The government spending won’t overshoot budget targets, says Turkish Finance Minister Şimşek. He also says Fed’s postponement of its economic stimulus will bring Turkey only temporary relief.
Turkish Finance Minister Mehmet Şimşek says the budget deficit this year is expected to come in below its target of 2.2 percent of GDP.
Turkish government spending won’t overshoot budget targets this year, forecasting that the budget deficit this year would come in below its target of 2.2 percent of gross domestic product (GDP), Finance Minister Mehmet Şimşek has said.
The primary surplus will meanwhile exceed its target of 1.2 percent of national output this year, Şimşek told Reuters in an interview.
Şimşek said downward risks against the 4 percent growth rate target still remained. Recovery in the European Union will positively affect growth, but the rate will stay below 4 percent, he added. Deputy Prime Minister Ali Babacan also expressed concern. “There are downward risks to our 4 percent growth target; while regarding growth figures alone [the situation] is good, but there are some concerns about growth quality,” he said during the fourth Istanbul Finance Summit on Sept. 18.
The government is set to reveal its medium term program, in which annual targets will be revised, next month.
Şimşek said Turkey generally has a growth based on domestic demand, net exports’
contribution to the growth was exceptional.

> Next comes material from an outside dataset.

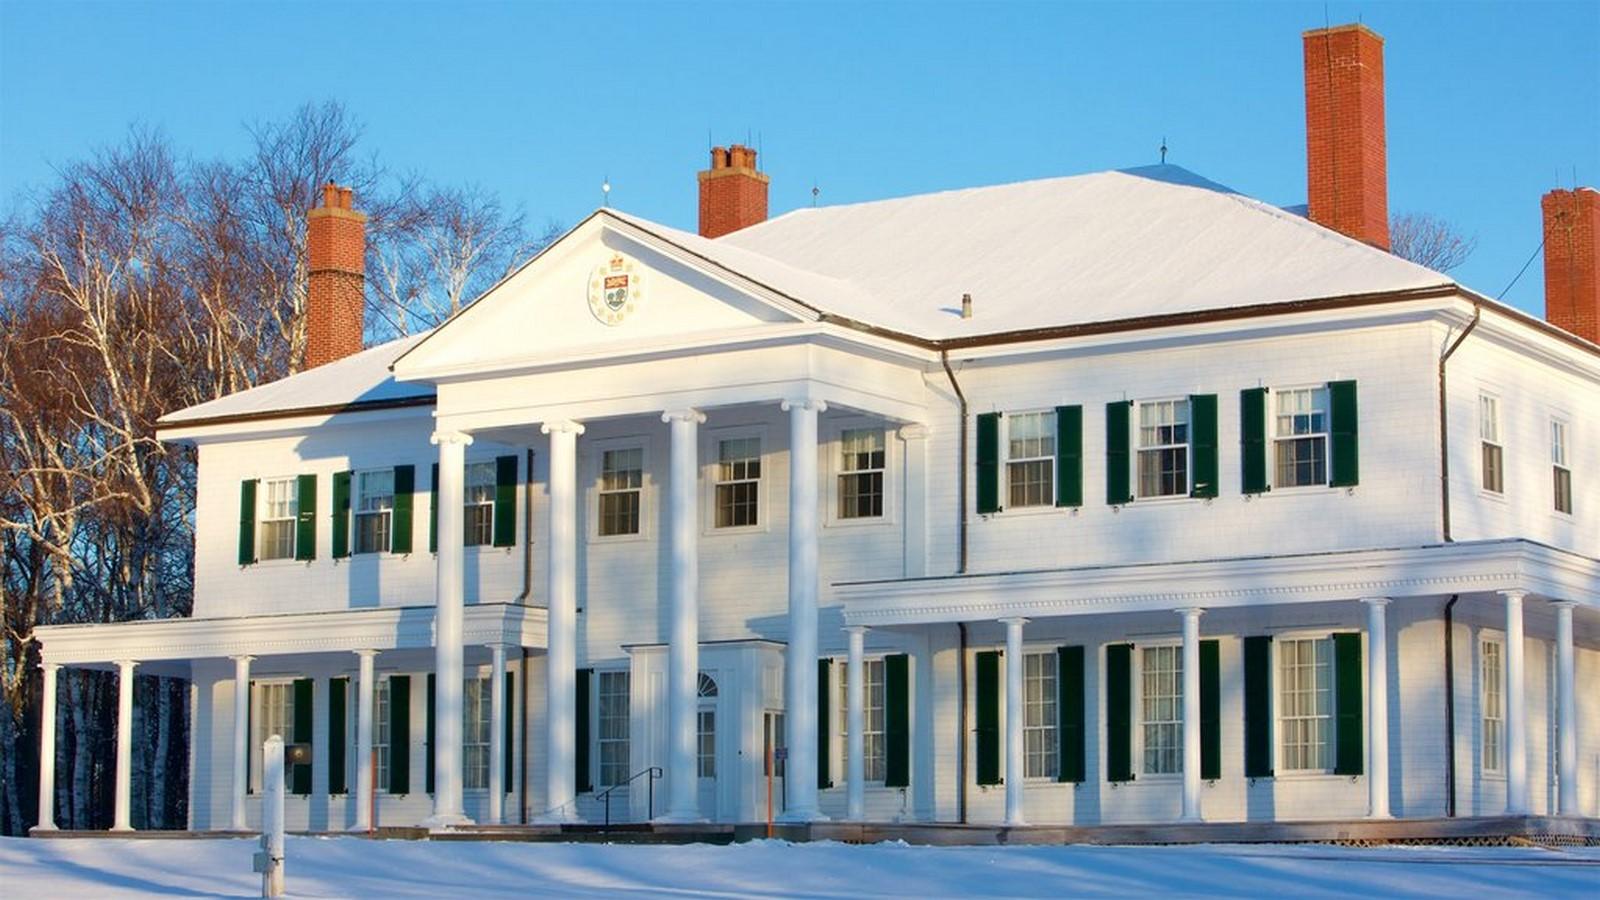 Government house of Prince Edward Island, Charlottetown, Canada -Sheet1

“This is not a structure that we prefer. We have been making medium-long term reform works to improve it. But structural transformation takes time. Turkey will probably continue to grow based on domestic demand next year,” he said.

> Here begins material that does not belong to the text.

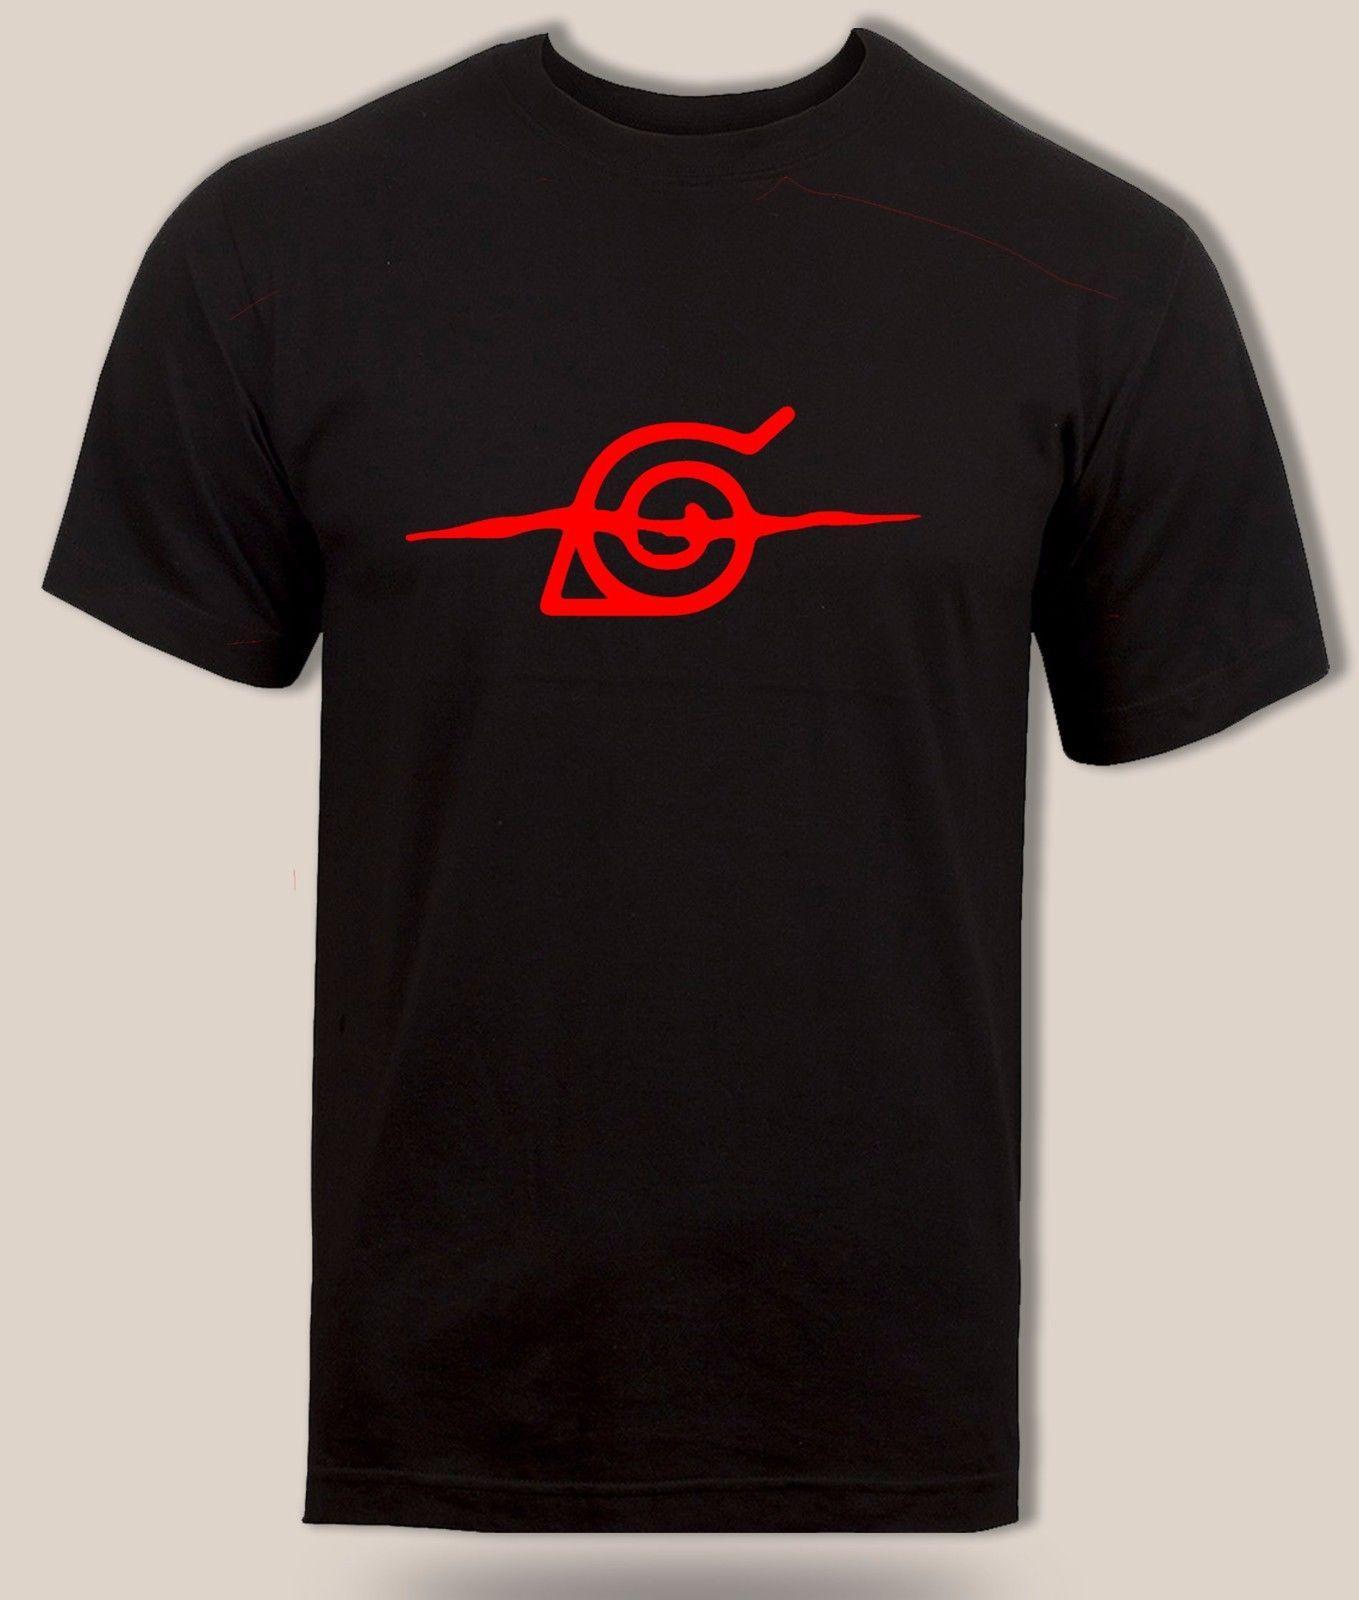 3e5b52462 Konoha Headband T Shirt, Uchiha Sasuke Itachi Boruto Ninja Top, Naruto  Anime Tee Funny Unisex Tee Shirt And Tshirt Create Your Own T Shirt Design  From ...

Turkey will get only brief relief from the surprise postponement of a reduction in U.S. economic stimulus and must press ahead with plans to rebalance its own economy.
Turkey’s gaping current account deficit, mostly driven by huge energy imports, and high foreign debt have made it one of the most exposed to the shift in global capital brought by any winding down of U.S. Federal Reserve bond-buying.

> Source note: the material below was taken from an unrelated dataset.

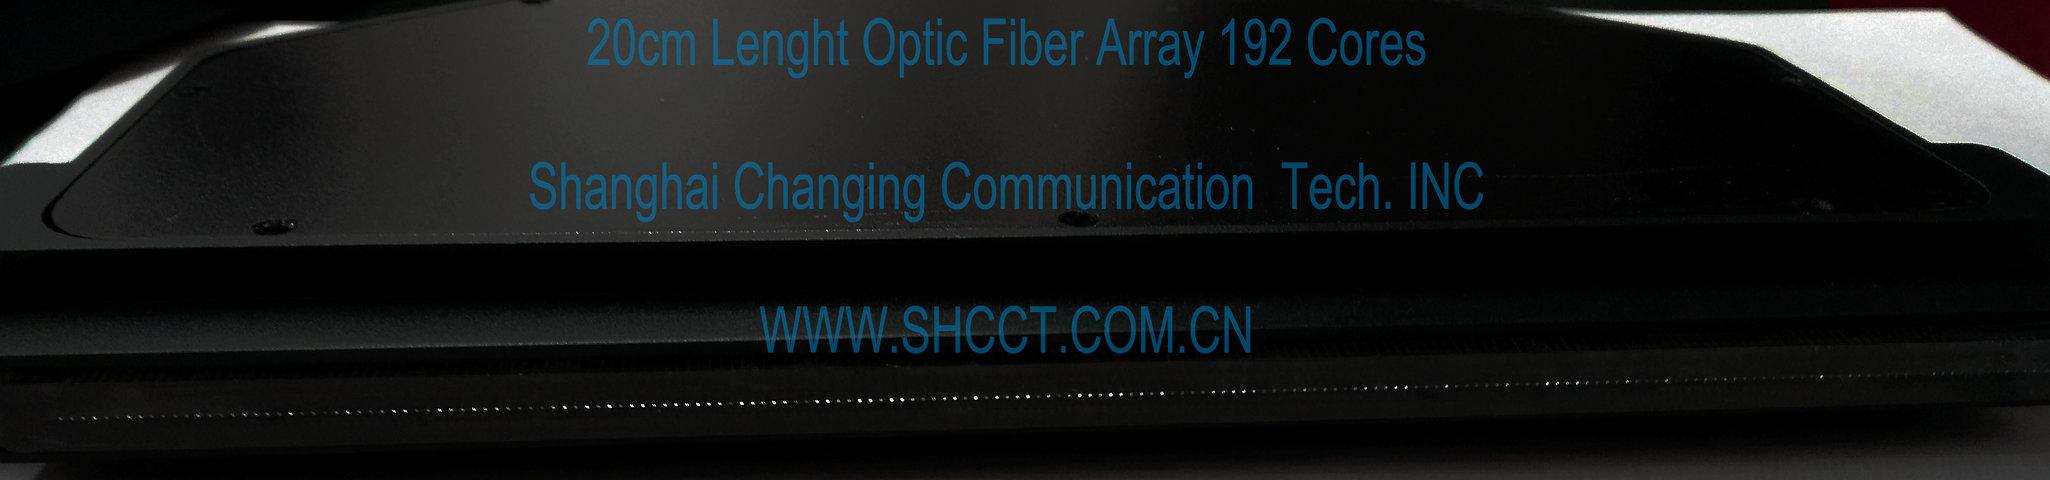 long length large core optic fiber array

Its lira currency gained 3 percent in response to the Fed’s surprise decision on Sept. 18 to put off the start of such moves.
“The Fed’s tapering decision will provide temporary relief, but its current policy will not continue forever,” Şimşek said. “Price volatility, interest rates, exchange rates or other variables, I don’t see them as a fundamental crisis. I see this as repricing of assets,” he said.
Meanwhile, the finance minister said the government had taken important steps in privatizations this year, adding that they would be collecting $2.7 billion from privatizations over the rest of this year.
Privatizations are expected to add around 8.3 billion Turkish Liras to the budget this year.